On a essayé de comparer Banshee à Justified, pour le côté shérif ninja chez les bouseux. Mais là où Raylan Givens est un Marshal aux méthodes expéditives, Lucas Hood n’a aucune légitimité, aucune expérience. Là où Justified, dans le fond, est un procédural sur fond de campagne du Kentucky, avec un soupçon d’intrigue familiale en arrière-plan, Banshee est un gros foutoir, une bombe à retardement qui tic-tac un peu plus vite à chaque épisode.
Et la violence, parlons de la violence, parce que c’est vraiment le cœur de la chose (avec le sexe, et le nawak). J’ai un faible pour les séries où les personnages passent leur temps blessés et couverts de sang. J’aime encore plus quand la série en question a conscience de cet état de fait, et bâtit plus ou moins l’intrigue sur la badasserie de ses personnages. À ce niveau-là, Banshee est une série plutôt épique, dans ce qu’elle fait endurer à ses personnages, tous ses personnages. Ça pourrait virer au ridicule, mais la série manie le lampshading avec brio, et fait souvent remarquer à ses personnages combien c’est le bazar dans cette petite ville paumée...
En définitive, une bonne tranche d’action sanglante, avec des personnages hauts en couleur super attachants, une identité visuelle générale extra, (l’exotisme de la Pennsylvanie) et une intrigue qui ne fait pas trop mal aux cheveux, tout en restant suffisamment foutrac pour qu’on attende avec impatience la saison 2 (prévue pour 2014, espérons janvier).
Pandorum (2009)
Oh mon dieu quelle angoisse, ce film. Alors, c'est pas très original (un mash-up de Event Horizon, Alien 4, Sunshine et autres films à base de vaisseau spatial en perdition), mais qu'est-ce que c'est efficace. De bons moments d'angoisse (techniquement, il m'en faut pas beaucoup, un mec éternue un peu fort et je sursaute, mais là j'en menais pas large), une bonne intrigue qui retombait plutôt bien sur ses pattes (contrairement à Event Horizon).

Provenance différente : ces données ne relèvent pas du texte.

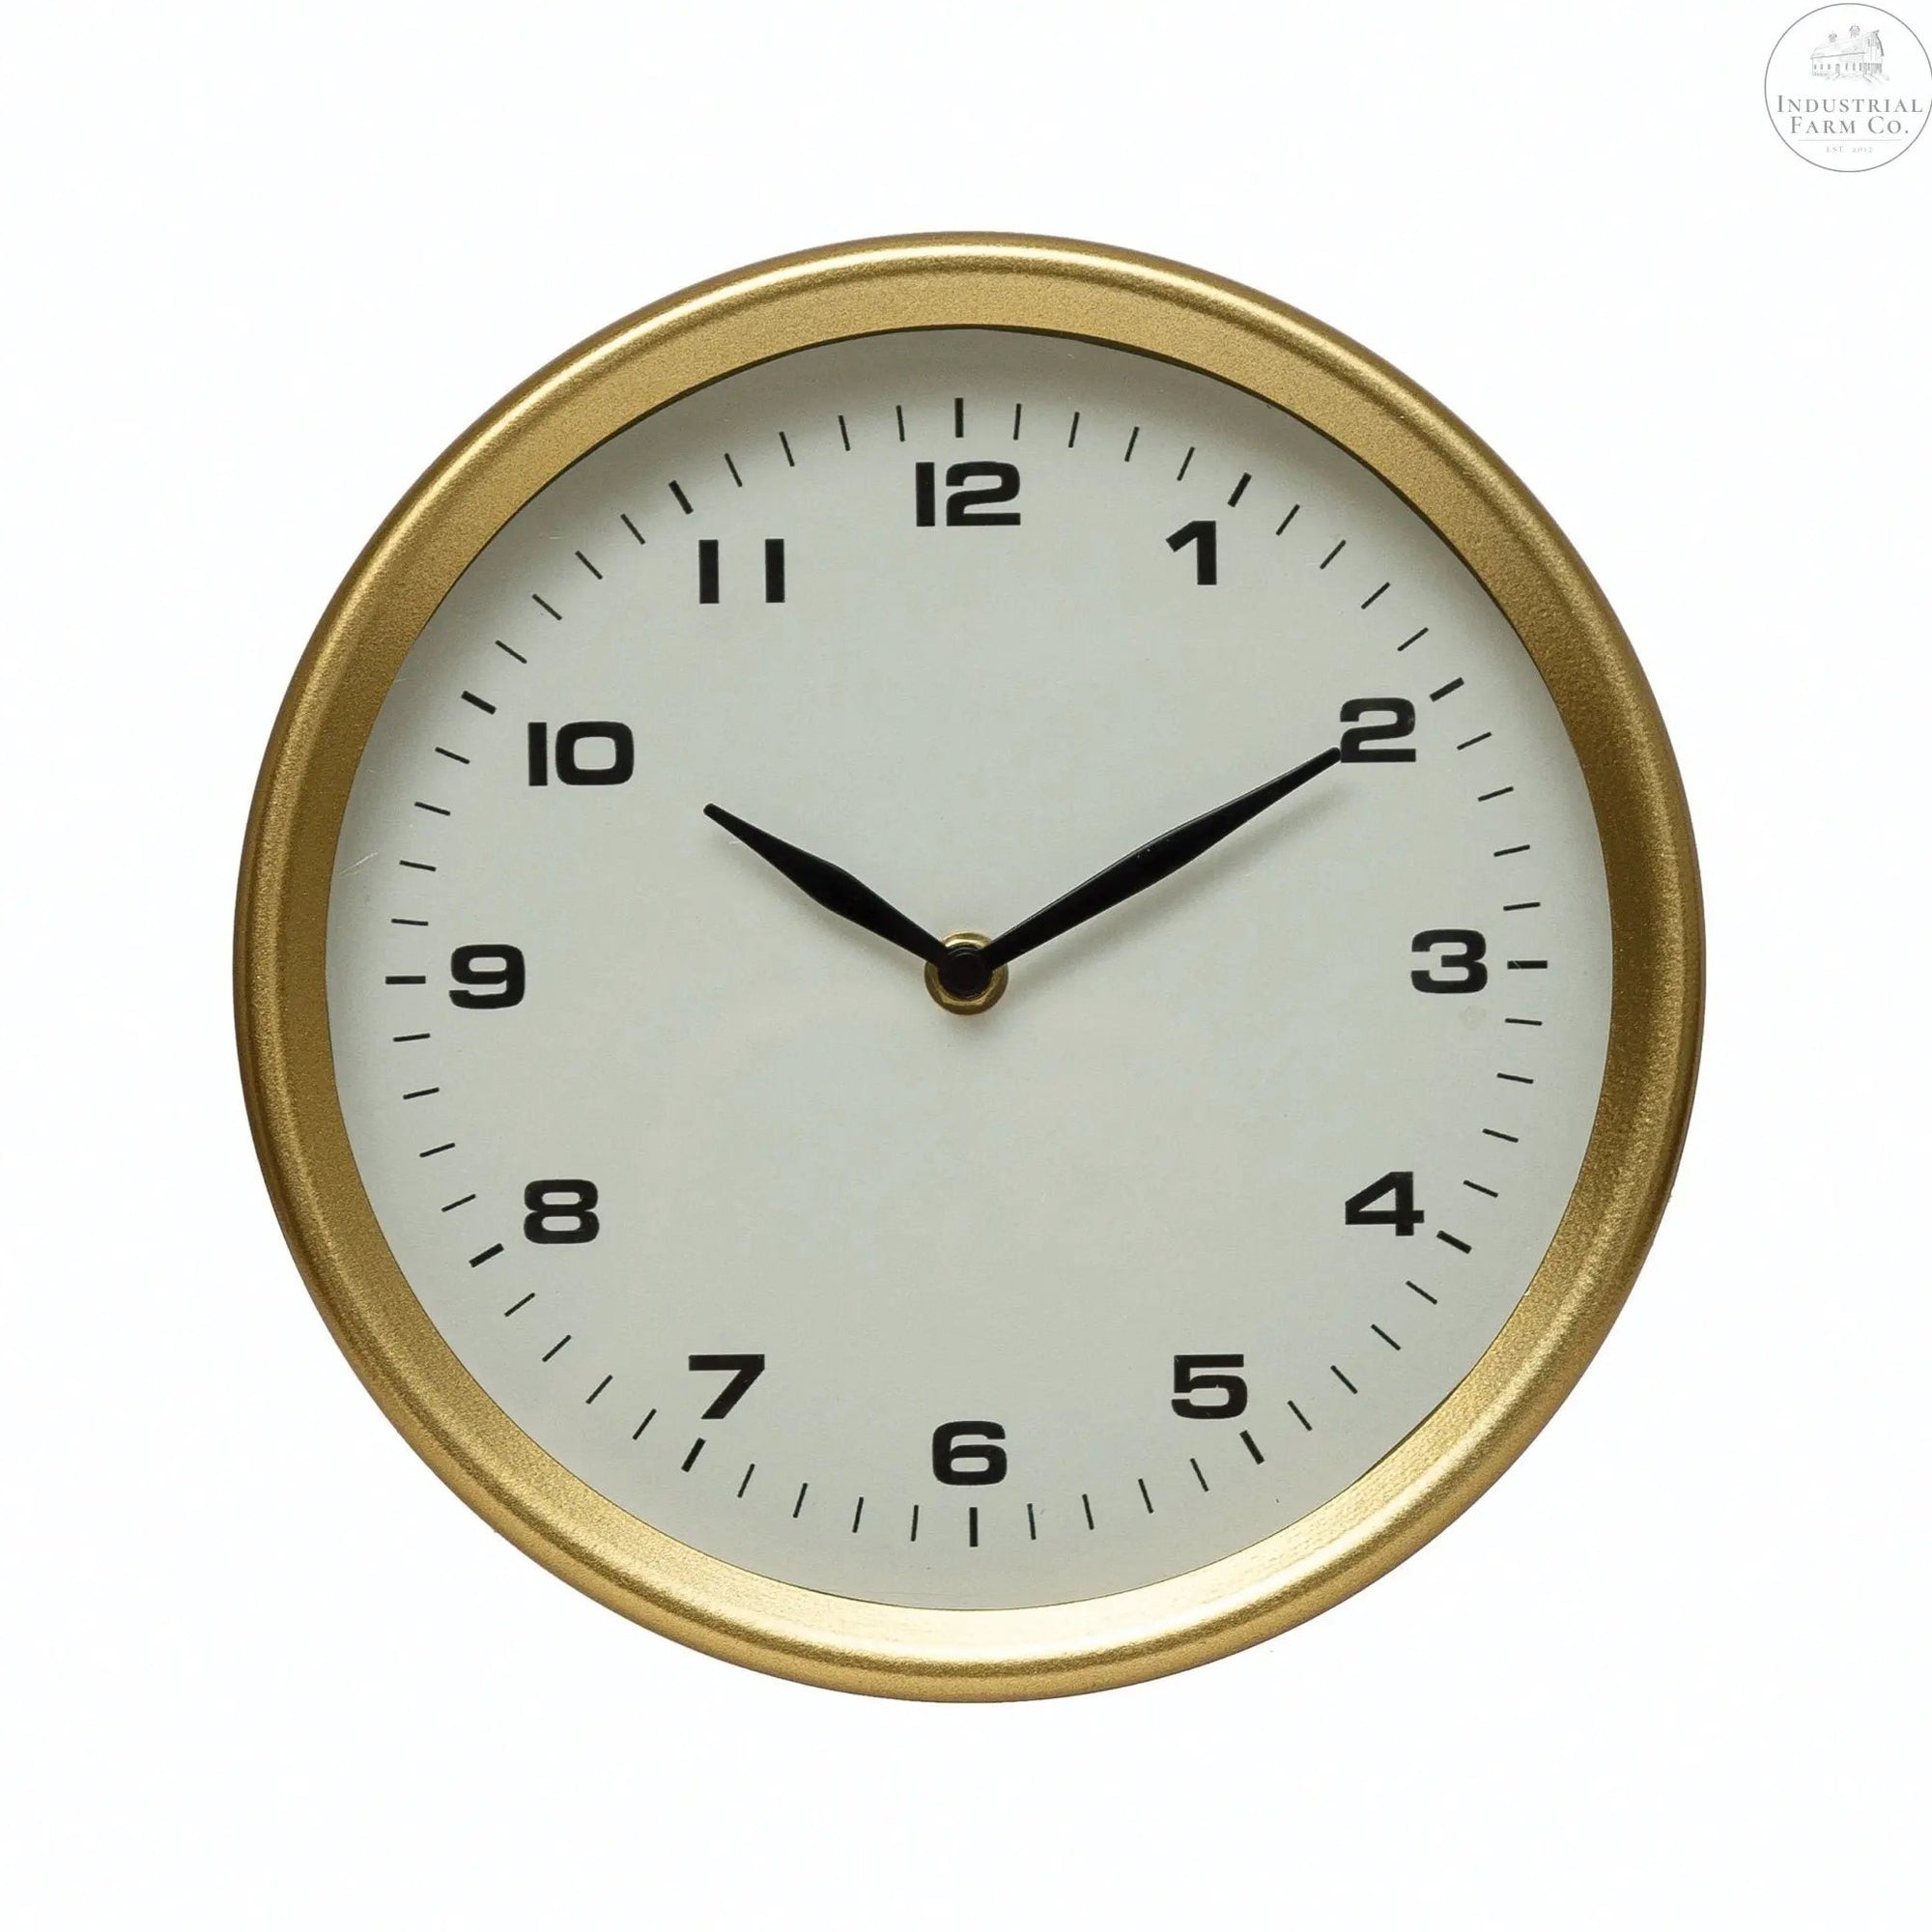 Modern Brass Standing Clock     | Industrial Farm Co

Reedus (raison pour laquelle j'ai maté le film en premier lieu) apparaît même pas 10 min (mort ? > pas mort > mort), c'était ridicule. Ben Foster, je le connaissais pas, et je pensais Dennis Quaid le héros principal, du coup j'ai été agréablement surprise par tant de whump magnifique.
Le seul reproche que j'aurais, ce sont les scènes avec les "créatures", qui étaient tournées avec une caméra numérique ou que sais-je, le frame rate était différent, c'était vraiment laid.